Mais fleumático dos Rolling Stones, o baterista Charlie Watts, de 71 anos (fez aniversário sábado) deve contar nos dedos das mãos as fotos que o mostram sorrindo. Mas há uma situação em que ele se diverte desbragadamente: é quando está fazendo shows com alguns amigos de improvisação que o acompanham há três anos, o grupo A, B, C & D of Boogie Woogie.
Charlie e seus amigos tocam exatamente isso: boogie woogie, um tipo de blues orientado pelo piano, acelerado, que se desenvolveu especialmente no Texas e no Sul norte-americano (teve expoentes em Fats Domino, Big Joe Turner e Little Richard). Em setembro de 2010, Charlie e sua banda fizeram uma residência tocando basicamente esse tipo de música no Duc des Lombards, um clube jazzístico de Paris, e agora estão lançando o disco que registra algumas daquelas apresentações. O lançamento do álbum The A, B, C & D of Boogie Woogie é da Eagle/ST2 e chega ao Brasil no dia 11.
Ocorre que os Stones estão completando 50 anos de estrada o grupo se apresentou pela primeira vez em 12 de julho de 1962, no mítico Marquee Club, em Londres. Mas Charlie pediu à sua assessoria que não fossem feitas perguntas sobre sua banda mais famosa. Ainda assim, respondeu a três delas, a contragosto. "Seria adorável voltar ao Brasil para tocar jazz", ele falou. "Lembro bem da última vez no Palladium, em São Paulo. O lugar era um tanto estranho, era um complexo de cinemas, não era?", perguntou.
Por causa de Charlie, os Stones só vão excursionar no ano que vem. Eles só consideram o ano de 2013, quando Charlie se juntou definitivamente ao grupo, como a data inaugural da banda. "Digamos que 2012 seja o ano da concepção, mas o nascimento é no ano seguinte", brincou Keith Richards. Já Ron Wood, em entrevista no ano passado, disse que a turnê do grupo começa quando Charlie terminar sua agenda de jazz.
Charlie Watts ama tanto o jazz que toca por amor à arte o que ganha, garantem empresários, não daria para pagar o feno de seus cavalos puro-sangue que cria numa fazenda na Inglaterra. Ama também o R&B e o blues, e não é o único na banda: quando os Stones começaram sua carreira, seu primeiro disco, gravado em 27 de outubro de 1962, tinha as seguintes canções: "Soon Forgotten", de Muddy Waters; "Close Together", de Jimmy Reed; e "You Cant Judge a Book", de Bo Diddley.

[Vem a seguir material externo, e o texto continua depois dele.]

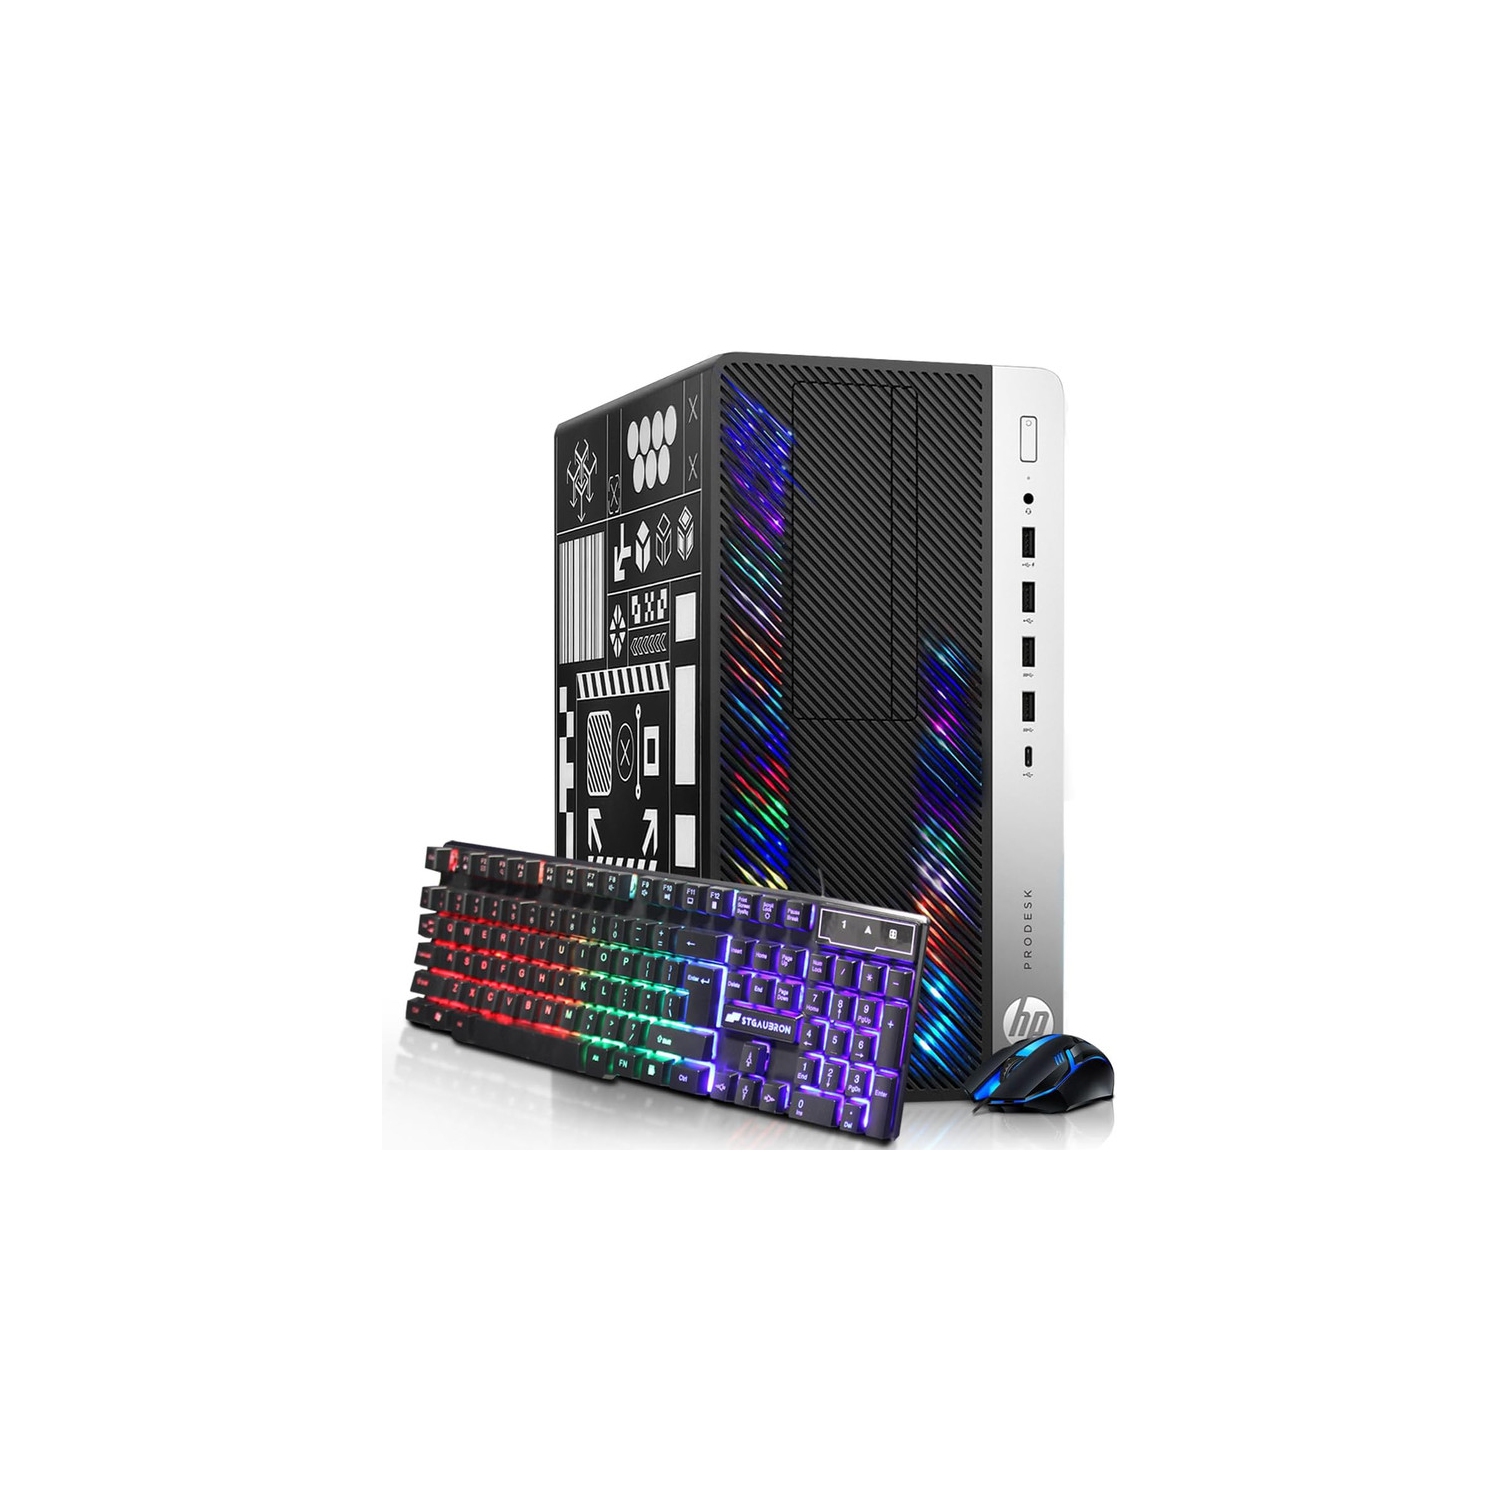 HP RGB Gaming Desktop Computer, Intel Quad Core I5-6500 up to 3.6GHz, GeForce GT 1030 2G, 16GB DDR4, 512G SSD, RGB KB & MS, 600M WiFi & BT 5.0, Win 10 Pro -Refurbished Excellent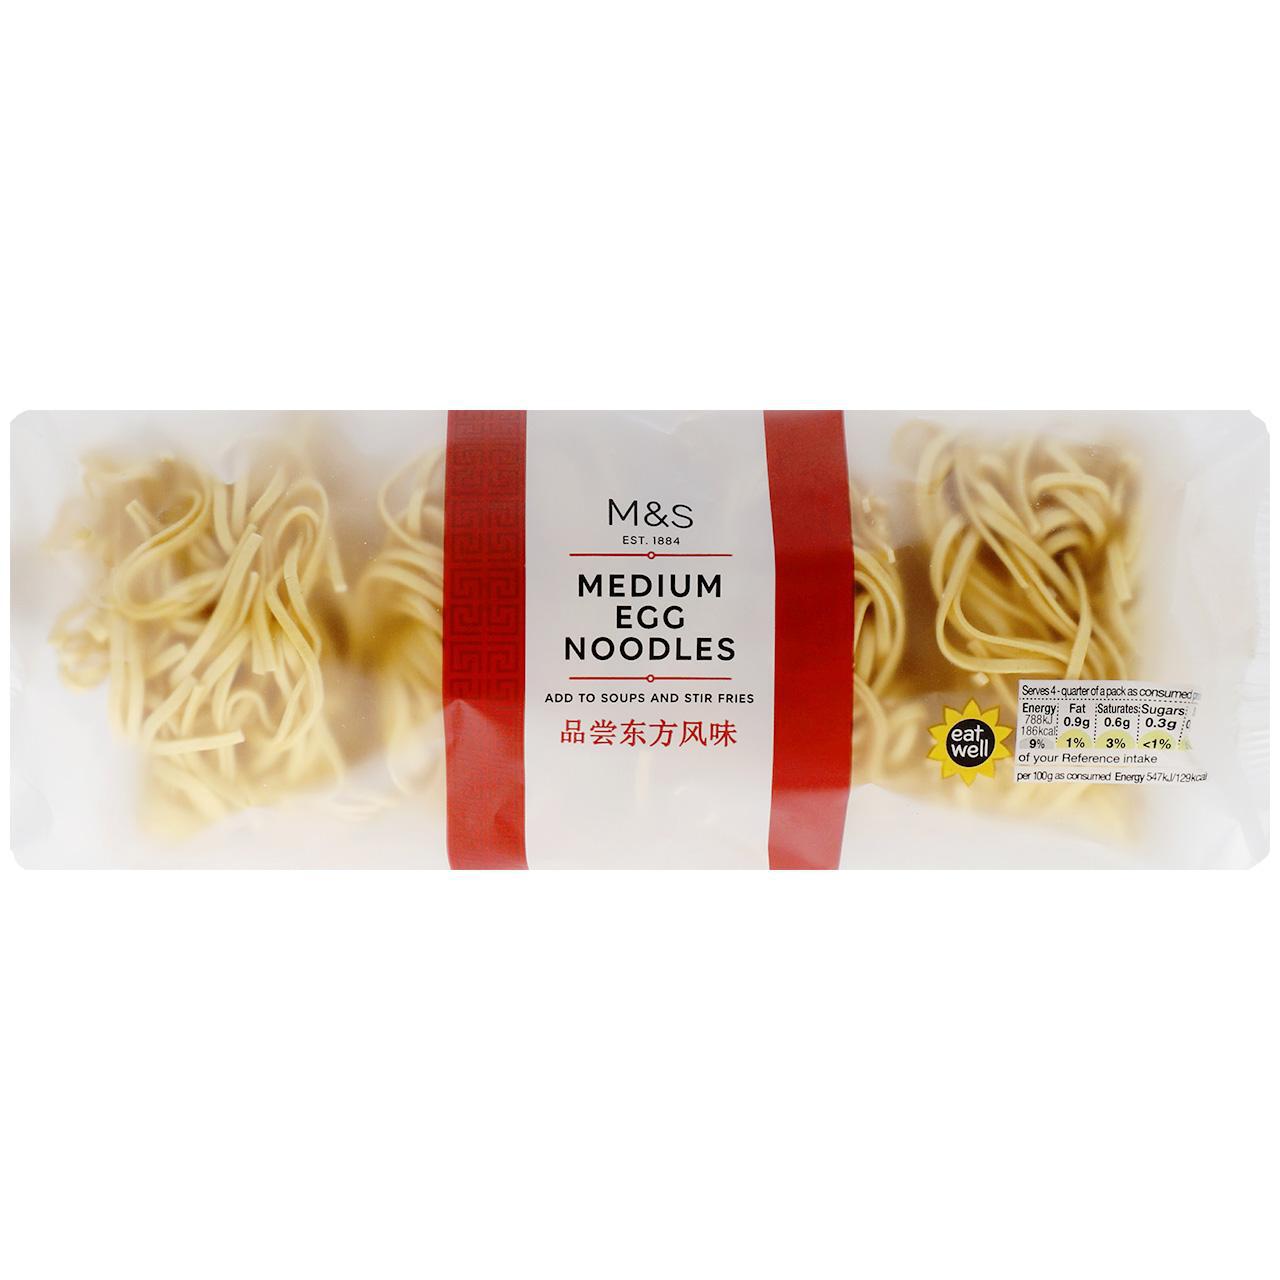 M&S Medium Egg Noodles 250g

Ele já se comprometeu com uma temporada como "músico residente" no Iridium Club (na Broadway, em Nova York), entre o dia 29 deste mês e o dia 2 de julho. Vai tocar oito sets com a banda jazzística. Logo em seguida, também fará um tributo ao guitarrista Les Paul com o Les Paul Trio. Ele não é o único com sangue stoniano a excursionar neste ano: Mick Taylor também esteve no Iridium no mês que passou.
Seus companheiros na banda Boogie Woogie são sujeitos que se acostumaram à sombra, não têm protagonismo sozinhos. O mais proeminente deles, e também líder do grupo, é o pianista e cantor Ben Waters (primo de PJ Harvey). Waters, no ano passado, já tinha capitaneado um álbum com os Stones como convidados, o disco Boogie4Stu (também da ST2), em homenagem ao pianista Ian Stewart (outro ex-Rolling Stone de sua primeira fase). Além de Watts, Ron Wood, Bill Wyman, Keith Richards e Mick Jagger participam do álbum. Os outros colegas do quarteto anônimo são Axel Zwingenberger (piano também) e Dave Green (baixo).
Charlie Watts sofreu com um câncer de garganta em 2004, mas passou por tratamento de quimioterapia e se recuperou bem. Tem um estilo de vida discreto. Ironicamente, em 2005, morreu o primeiro baterista dos Stones, Carlo Little (codinome de Carl ONeil Little), aos 66 anos, de câncer no pulmão. Ele integrou brevemente o grupo, em seu início, em algumas turnês, mas preferiu trocar de banda, entrando para a Cyril Davies and The All Stars. Foi ele quem levou Watts para os Stones.